Philippine troops capture part of rebel headquarters

COTABATO, Philippines (Agencies): Government troops captured
parts of the sprawling headquarters of the biggest Muslim
separatist group in the Philippines on Tuesday, and said they
could take the complex in two days.

"The attack on Camp Abubakar will continue as there are no
reports to halt the offensive," regional military chief Maj. Gen.
Gregorio Camiling said after the Moro Islamic Liberation Front
(MILF) ignored a government deadline for a peace accord.

The government forces were just six kilometers from the heart
of the rebels' base which covers 10,000-hectares, making it
several times bigger than Singapore island.

The advance marked the military's deepest incursion into the
MILF heartland, putting the facilities and armory within mortar
range.

Camiling allowed journalists to see the two Camp Abubakar
outposts captured from the MILF after killing 11 rebel fighters.

A military spokesman said they could capture Camp Abubakar,
near this southern city, in two days if they launched an all-out
assault.

"It can be taken in two days considering that, one, the MILF
are weakened and two, they ran out of ammunition and three, their
morale is low," local army spokesman Capt. Noel Detoyato said.

Abubakar is the last remaining stronghold of the MILF after
more than two months of government assaults on rebel camps and
outposts.

Since April, the military has overrun about 50 camps and
outposts of the MILF in the southern Philippines but held back
from a major attack on Camp Abubakar, saying it was a political
decision to be made by President Joseph Estrada.

Estrada seemed to have given the go-ahead on Monday after the
rebels refused to accept his deadline to forge a peace agreement
and abandon their campaign for a separate Islamic state.

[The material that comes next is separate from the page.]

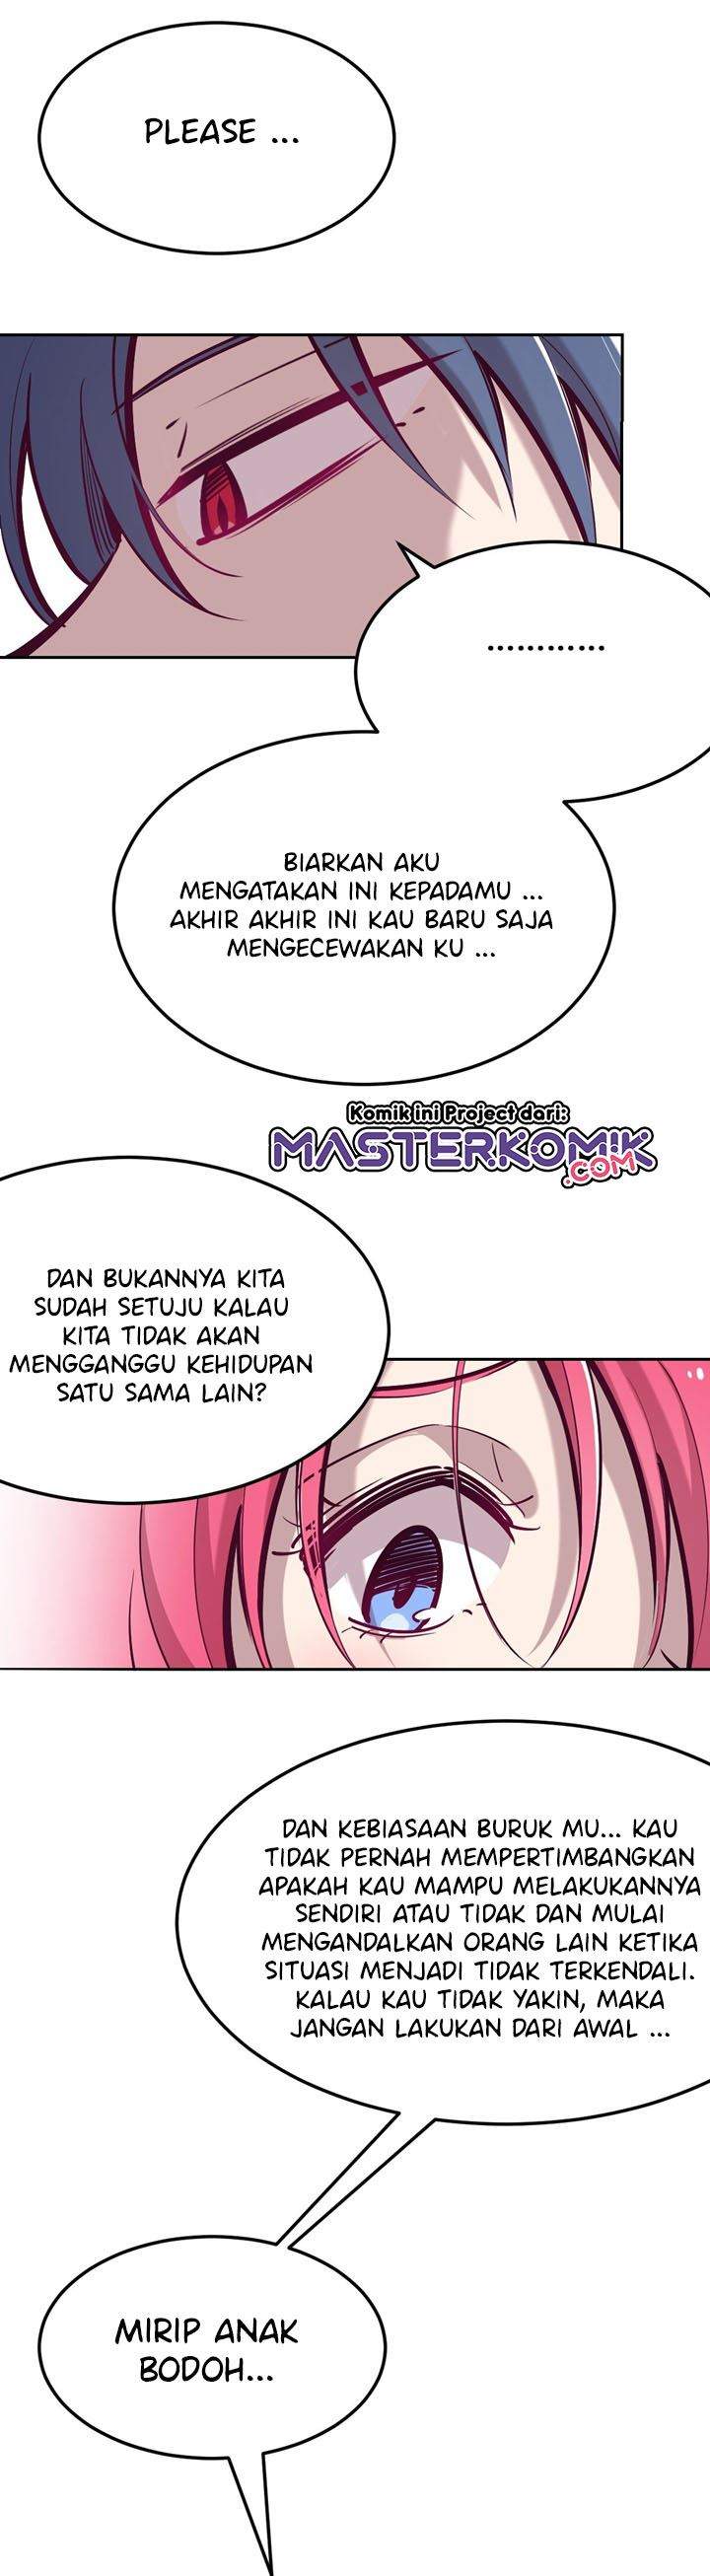 Demon X Angel, Can’t Get Along! Chapter 23

"I gave a deadline of June 30 and the deadline has already
expired. So there will be continued military operations," Estrada
said.

MG-520 helicopters and OV-10 attack planes could be seen
Tuesday carrying out airstrikes on parts of Camp Abubakar.

But MILF spokesman Eid Kabalu said his forces were "committed
to defend their position."

"They're out to pulverize us but we will preserve Abubakar at
all costs. The biggest war is yet to come," he said. Ten Marines
were wounded Tuesday in an MILF attack just outside Abubakar, the
military said.

Defense Secretary Orlando Mercado said the military's
objective was to "destroy (MILF) installations and degrade the
military capability of the MILF as soon as possible."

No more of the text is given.